Иван Иванович же помогал не одному Лючевскому, — таких, одиноких и обессиленных, на его руках уже было четверо, причем в разных концах городка, и для помощи каждому он находил время, иногда наседал на сына Николая — отправлял его помогать этим людям.

— Больше всех тебе надо! — ворчал Николай, однако исполнял волю родителя.

— Надо, сынок, надо, — только и говорил Иван Иванович.

…Свет, снизошедший в душу Лючевского, исчез — и опять явилась трезвая, беспощадная расчетливость. «Ишь ты — чуть-чуть… не переделал натуру свою. А зачем? Жить таким же дураком, как Иван Иванович, — дудки!» Начало жать, жать сердце. И вдруг ужас охватил Иннокентия Сергеевича — его опахнуло дыхание смерти… Но скорее, чем о смерти, он подумал о том, что лежало в потайных местах, — только сейчас очень ясно представилось нажитое богатство. «Господи, куда же все денется? Растащут Парамонихи! Да я же, почитай, двадцать лет один этот чертов балдахин таскал. Сжечь проклятого! Костюм надеть. Его, поди, моль сожрала. Не поживетесь! — подумал он о соседях. — Сообразуясь с законом, права не имеете, сволочи, посягать на собственность». Трезвый же голос опять сказал ему: «Ты-то сам в прах обратишься, а добро куда-то да денется». «Ты враг мой! — накинулся Лючевский на голос своего двойника. — Собственность индивидуума — она неприкосновенна…» Вдруг промелькнула мысль — положить шкатулку в свой гроб. Мысль показалась ему как бы даже спасением… «А кто же положит? Парамониха, что ли? Надо немедленно приступить к постройке гроба. А положу ее в него сам. Пусть уходит со мной. Говорят, этакие божественные камешки делают вечным тело. С брильянтами да золотишком и тело мое — нетленно. Вовеки!» «Что же это я, однако? — подумал он спустя немного, когда сердце отпустило. — Надо немедленно просить свезти меня в больницу. Я не могу так вот, совершенно просто, умереть». Он спокойнее оглядел свое жилище, шкафы и коробы, громоздившиеся по углам. Ему казалось, что за ним кто-то подглядывает. Никого, однако, не было видно, но он не мог избавиться от чьего-то чужого взгляда. «Дай-ка я огляжу все, что имею», — мелькнуло у него в голове. Он начал, отчего-то торопясь, тыкаться по углам. В доме находилась крошечная каморка, о существовании которой Иннокентий Сергеевич уже забыл, — с холщовой занавеской вместо дверей. «Что у нас там лежит? Совсем не помню!» — подумал Иннокентий Сергеевич, несколько озадаченный. Шагнув туда, при бледном свете крохотного оконца он вдруг увидел… громоздкий, плохо покрашенный гроб. На крышке, придавленная камешком, белела бумажка. Он машинально нагнулся и стал читать — там было начертано пляшущим почерком сестры: «Люди, Иннокеша, злые, нас не любят, и я, подумав, решила заготовить для тебя оный гроб. Он из сухих и, заметь, из дубовых досок. Стоил накладно, да что ж поделать? Ты, я думаю, не осудишь меня за расход. Анна».

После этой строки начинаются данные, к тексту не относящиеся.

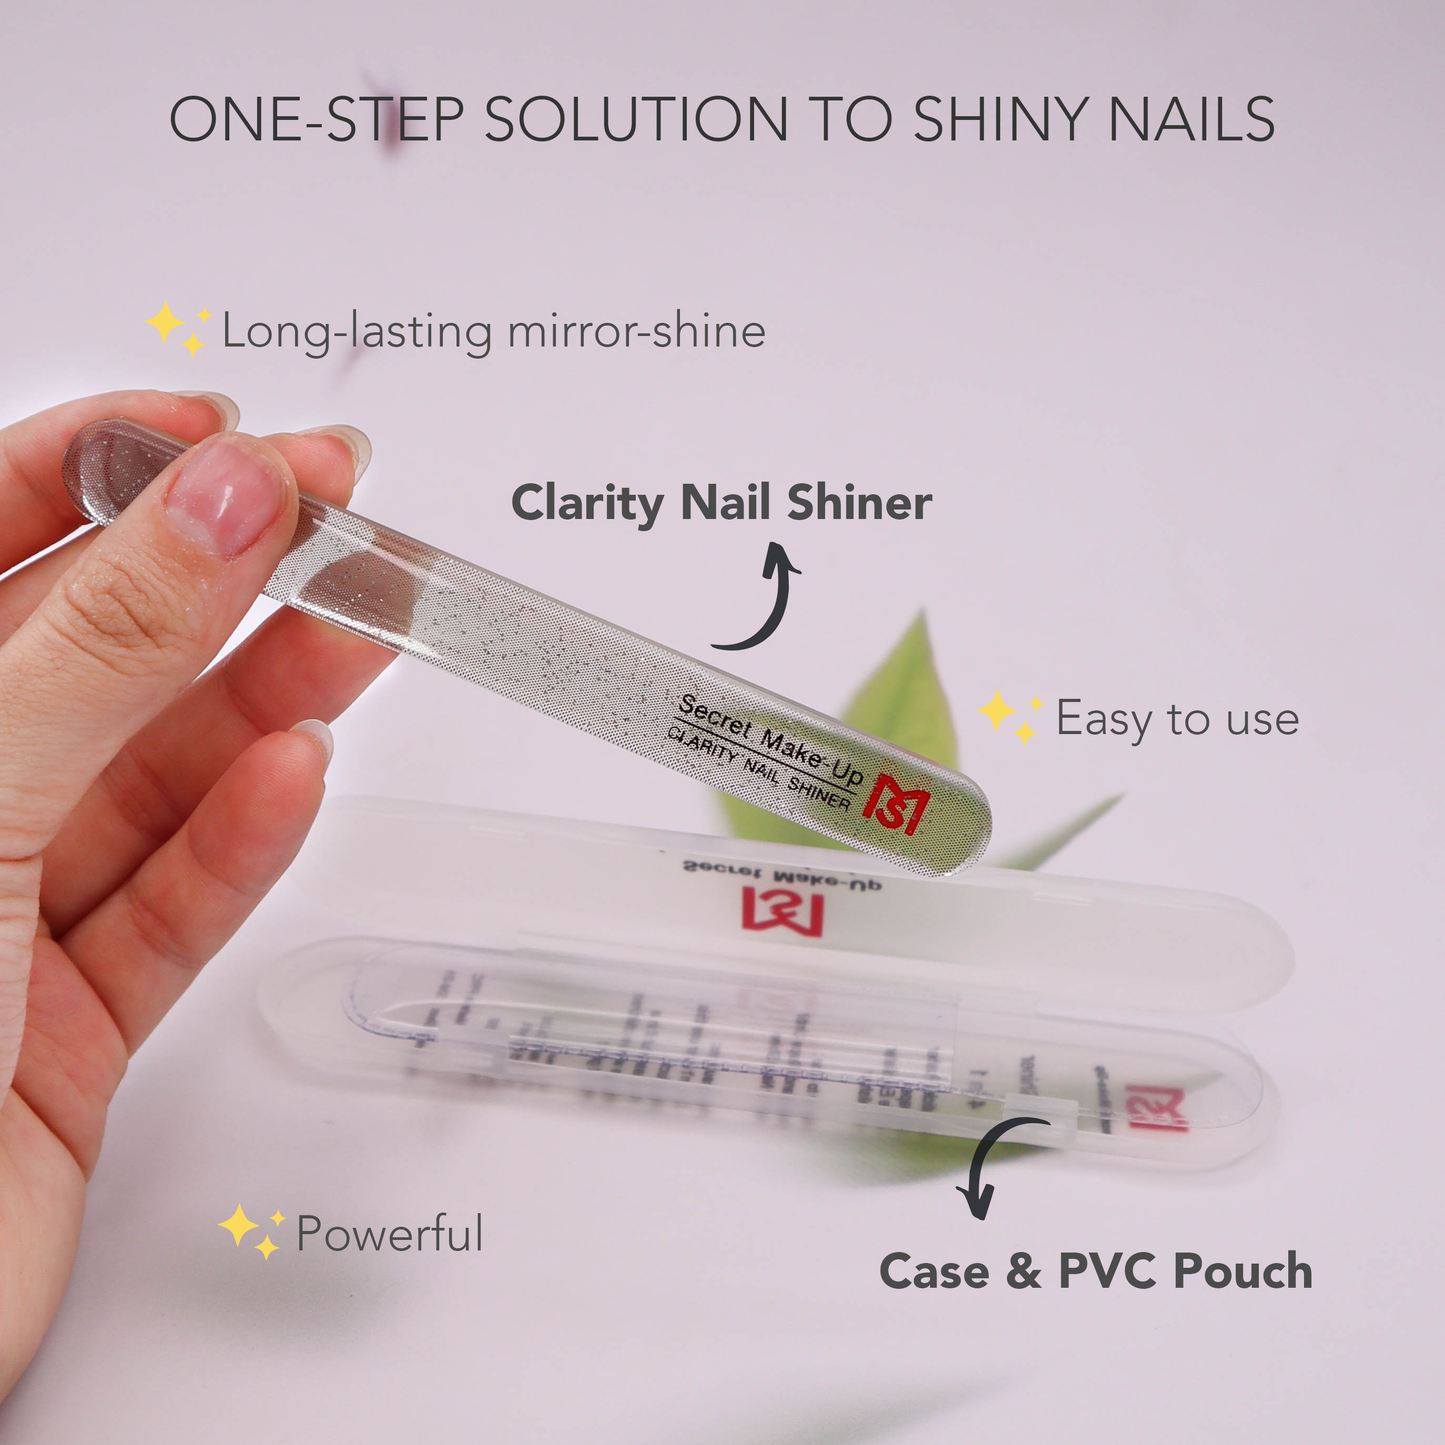 Clarity Nail Shiner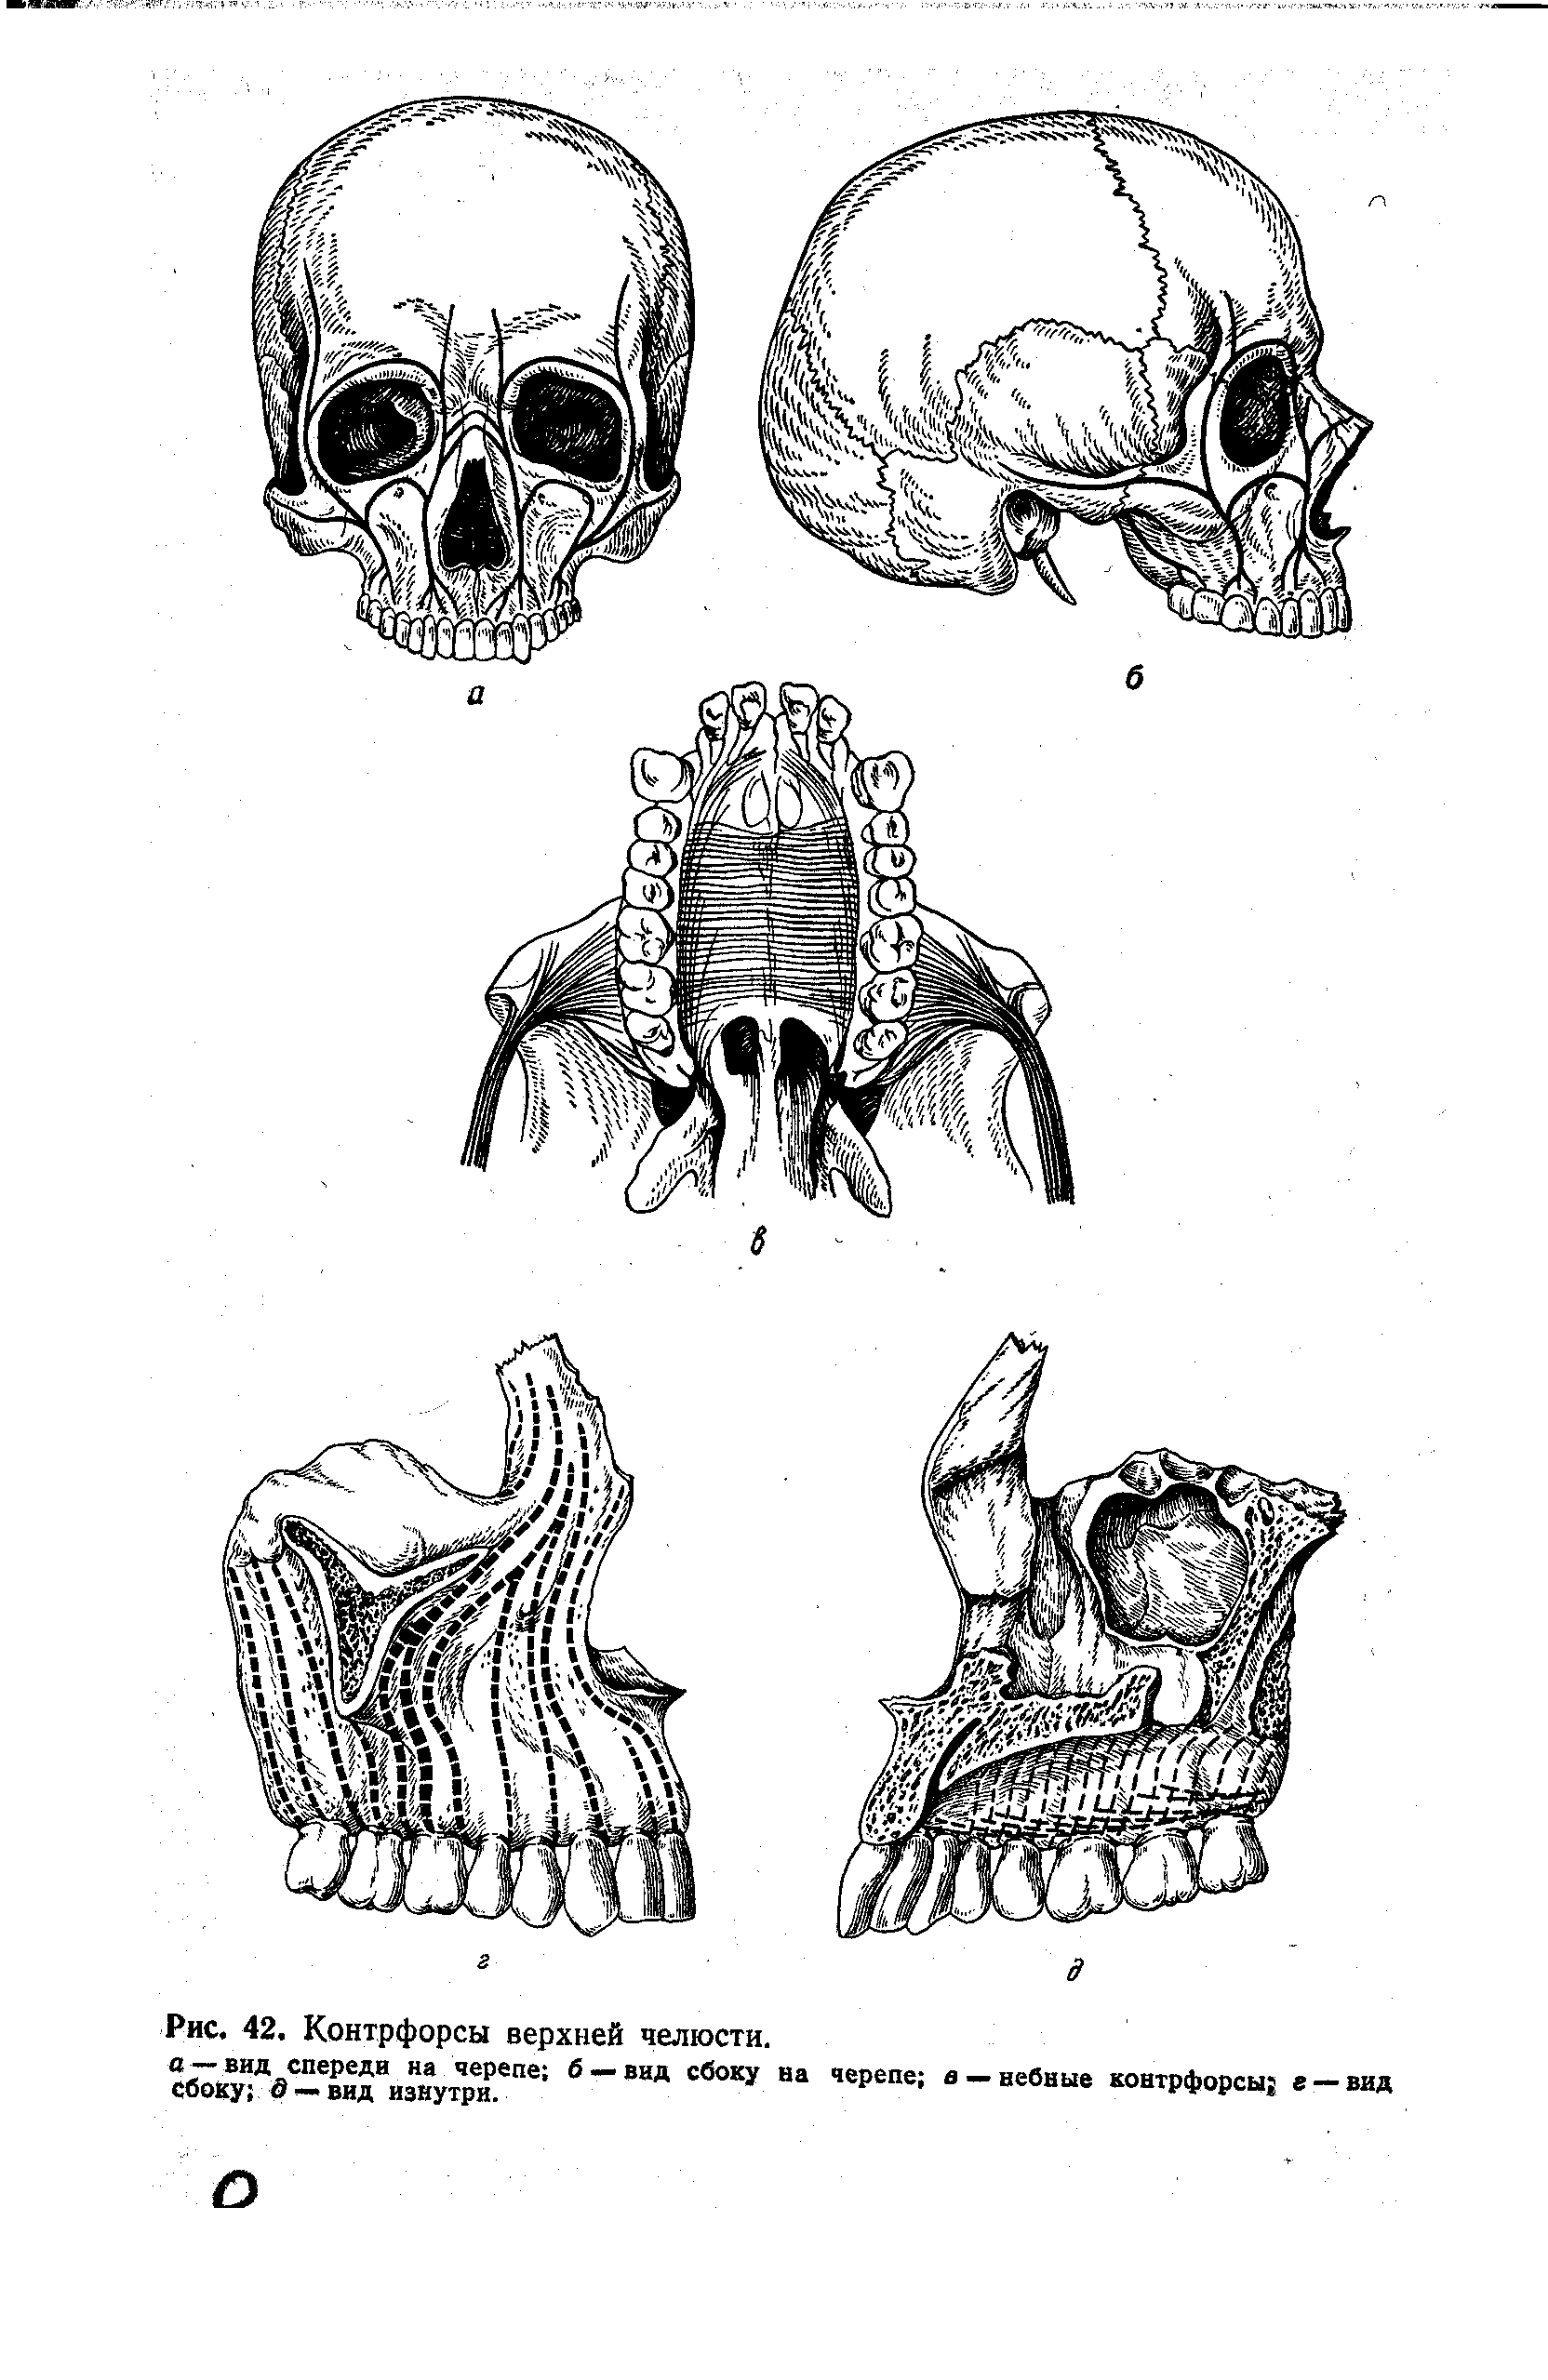 Рис. 42. Контрфорсы верхней челюсти, авид спереди на черепе б —вид сбоку на Сбоку о —вид изнутри.

— Старая вековуха, можно сказать, безмозглая курица! — сам не в себе, трясущимися губами прошептал Иннокентий Сергеевич.

Он засунул руку в сундук, выхватил шкатулку, на трясущихся ногах воротился обратно к гробу, отметив: «Вековуха и стружек припасла. Сестрица всегда была ненормальная!» Разрыл и засунул на самое дно так долго оберегаемое добро — бриллианты и золото. В это время голова его дернулась назад, ноги подогнулись, он захрипел, ухватился обеими руками за края уготованного ему одра, повалившись в него бесчувственным, уже бездыханным бревном…

Хоронили его Тишковы, старик Князев и Степин. Могилу вырыли на скате кладбища, рядом с его сестрой. Яма вышла сухая.

— Долго лежать будет. Песок, — сказал Степин, когда кончили.